Exercise objective :: You are asked to repeat the listing word for word and to leave out its pictures.
:: Source data ::
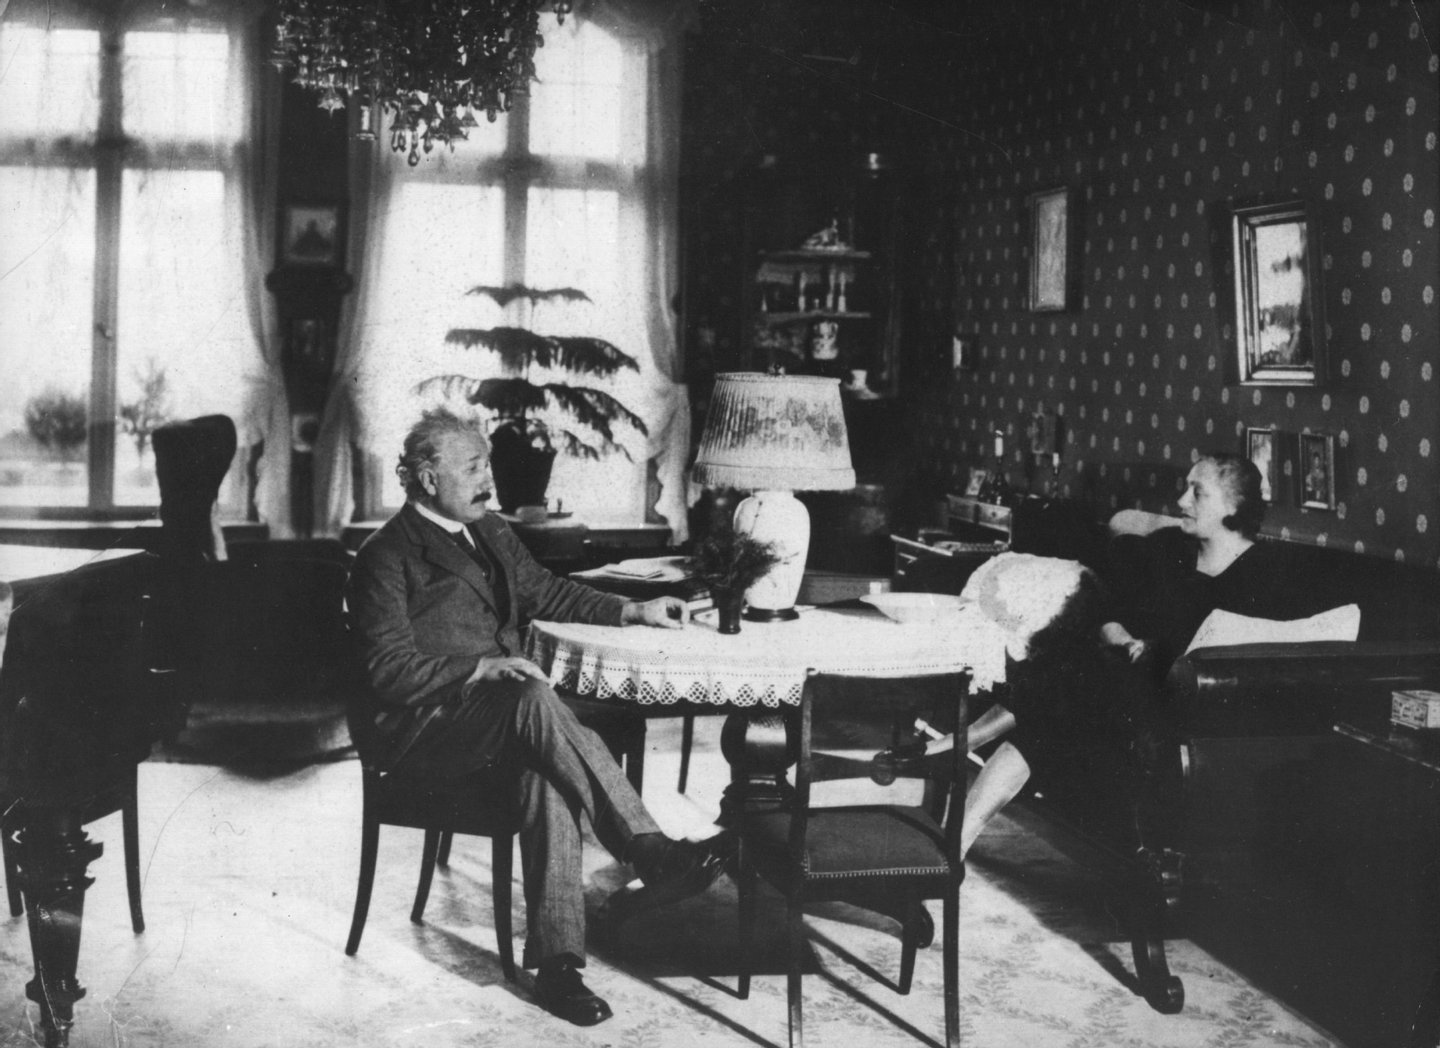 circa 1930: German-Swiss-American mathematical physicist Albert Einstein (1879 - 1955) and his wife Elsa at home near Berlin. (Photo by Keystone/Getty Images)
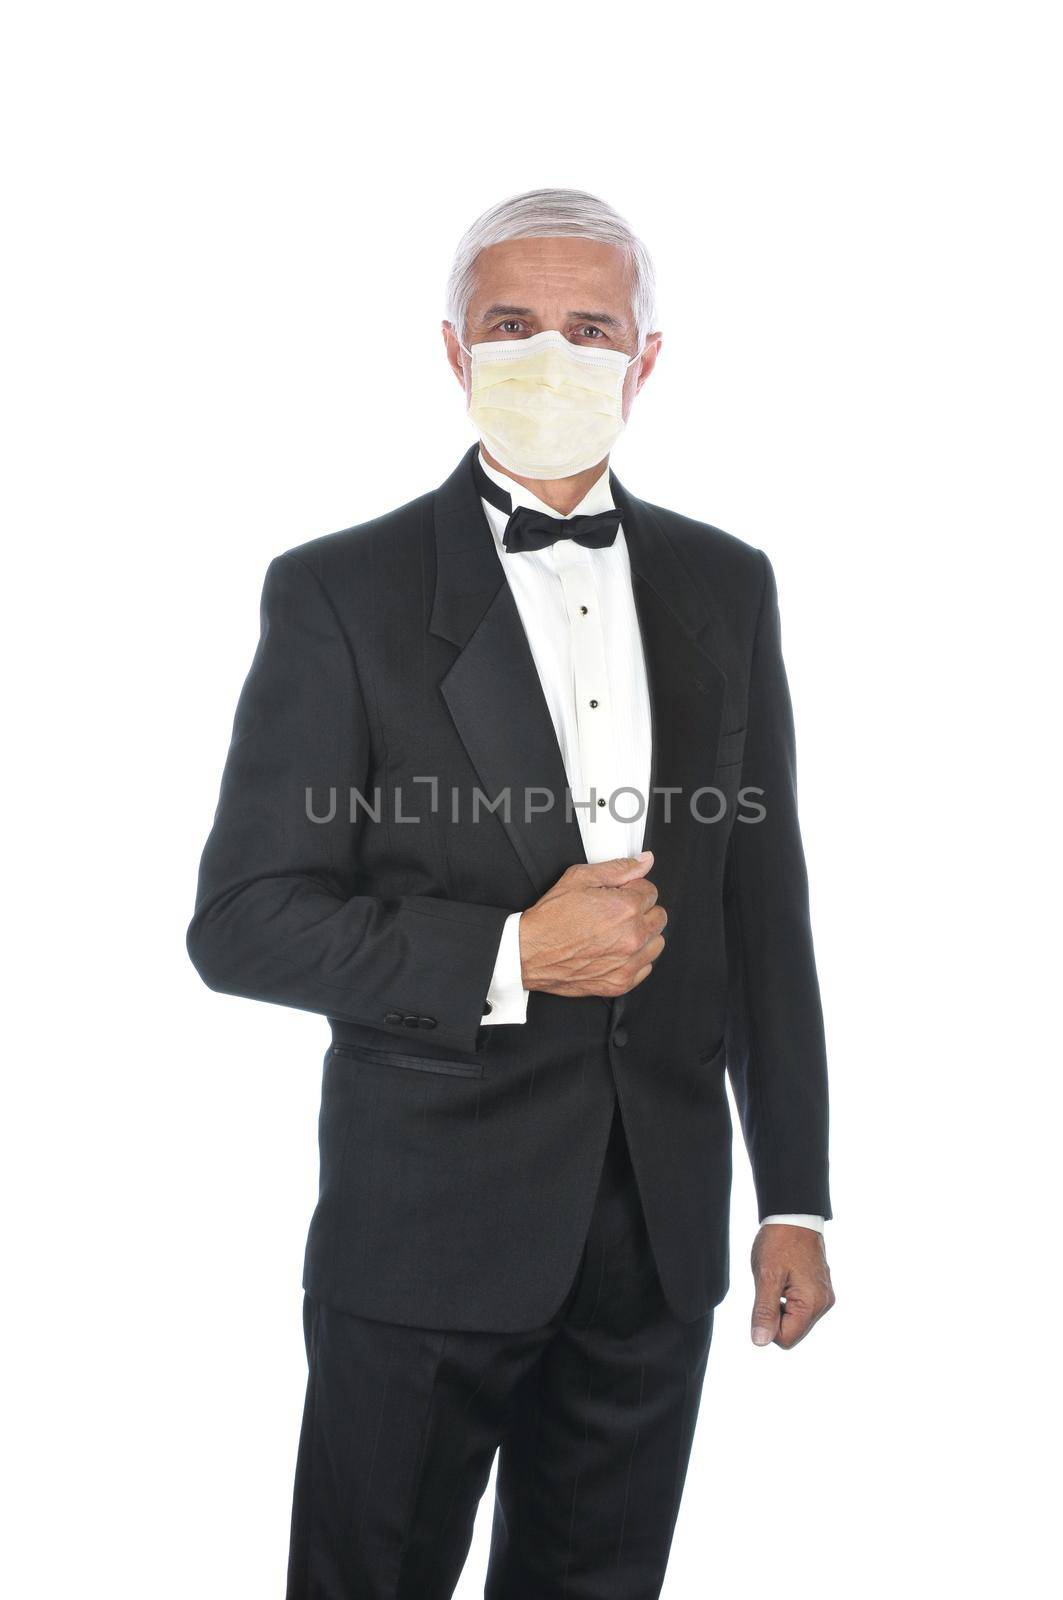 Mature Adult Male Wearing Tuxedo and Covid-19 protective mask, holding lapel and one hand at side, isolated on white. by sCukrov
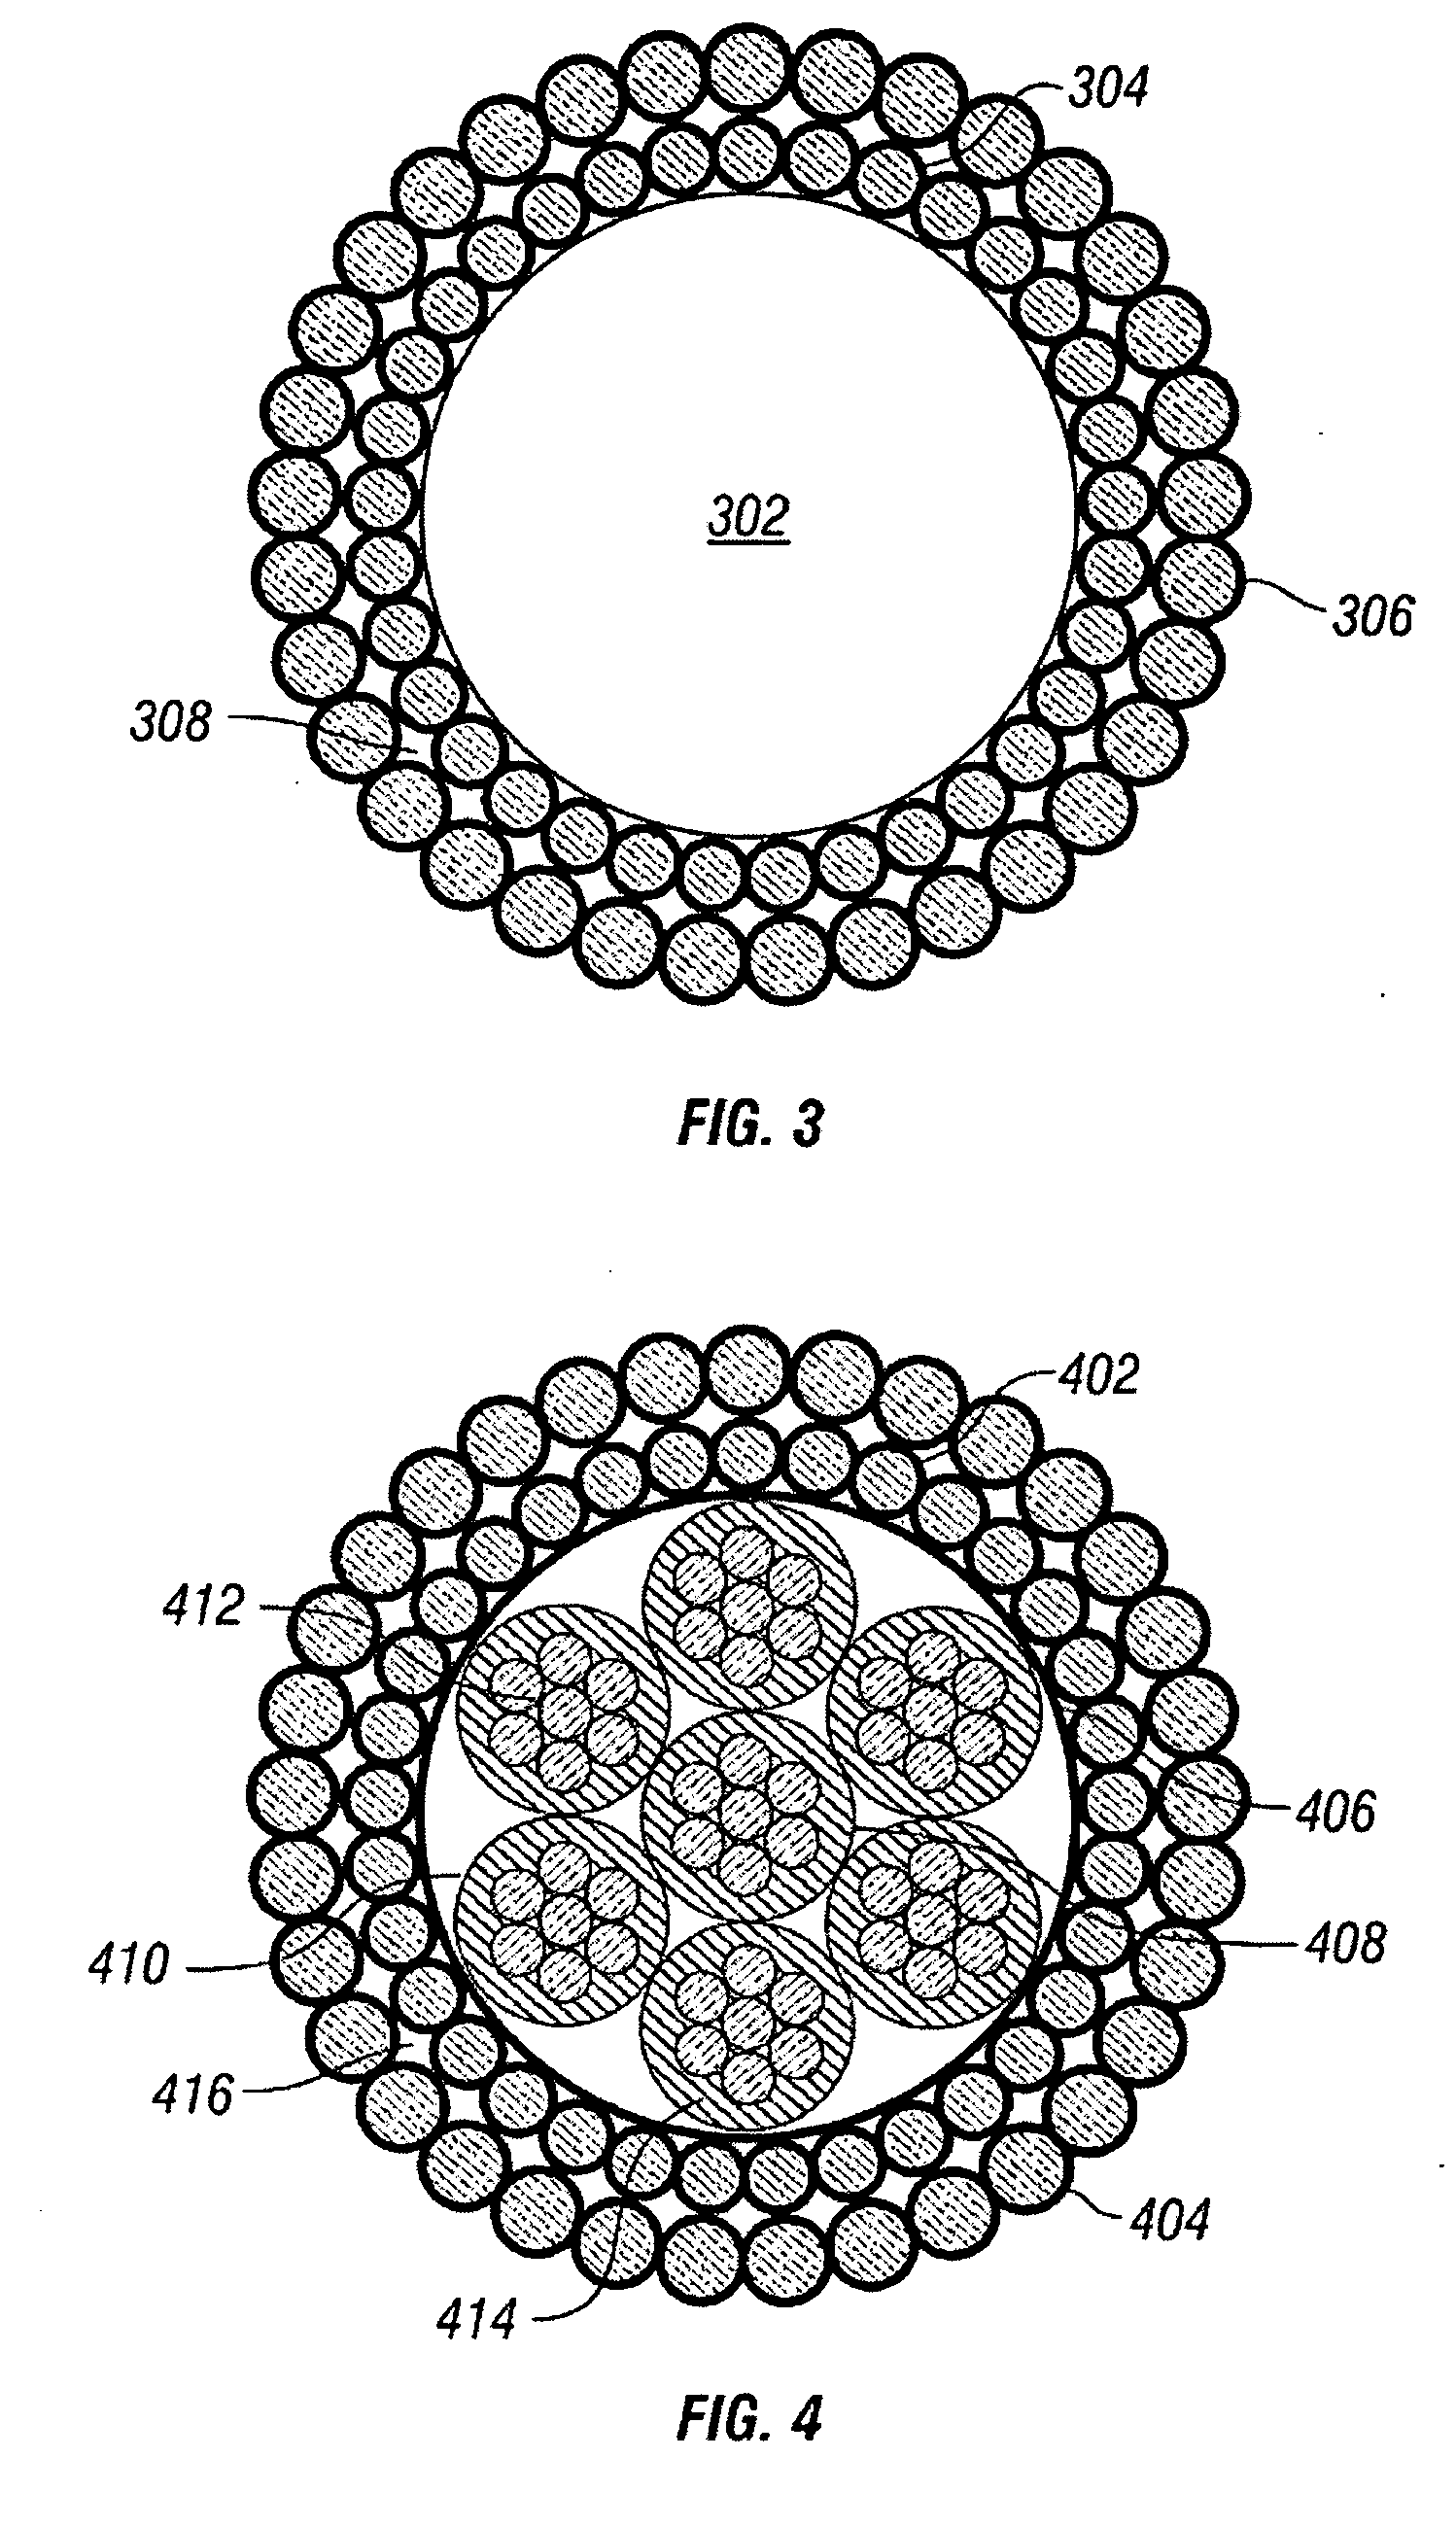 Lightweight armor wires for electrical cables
:::
Task answer ::
 circa 1930: German-Swiss-American mathematical physicist Albert Einstein (1879 - 1955) and his wife Elsa at home near Berlin. (Photo by Keystone/Getty Images)
 Mature Adult Male Wearing Tuxedo and Covid-19 protective mask, holding lapel and one hand at side, isolated on white. by sCukrov
 Lightweight armor wires for electrical cables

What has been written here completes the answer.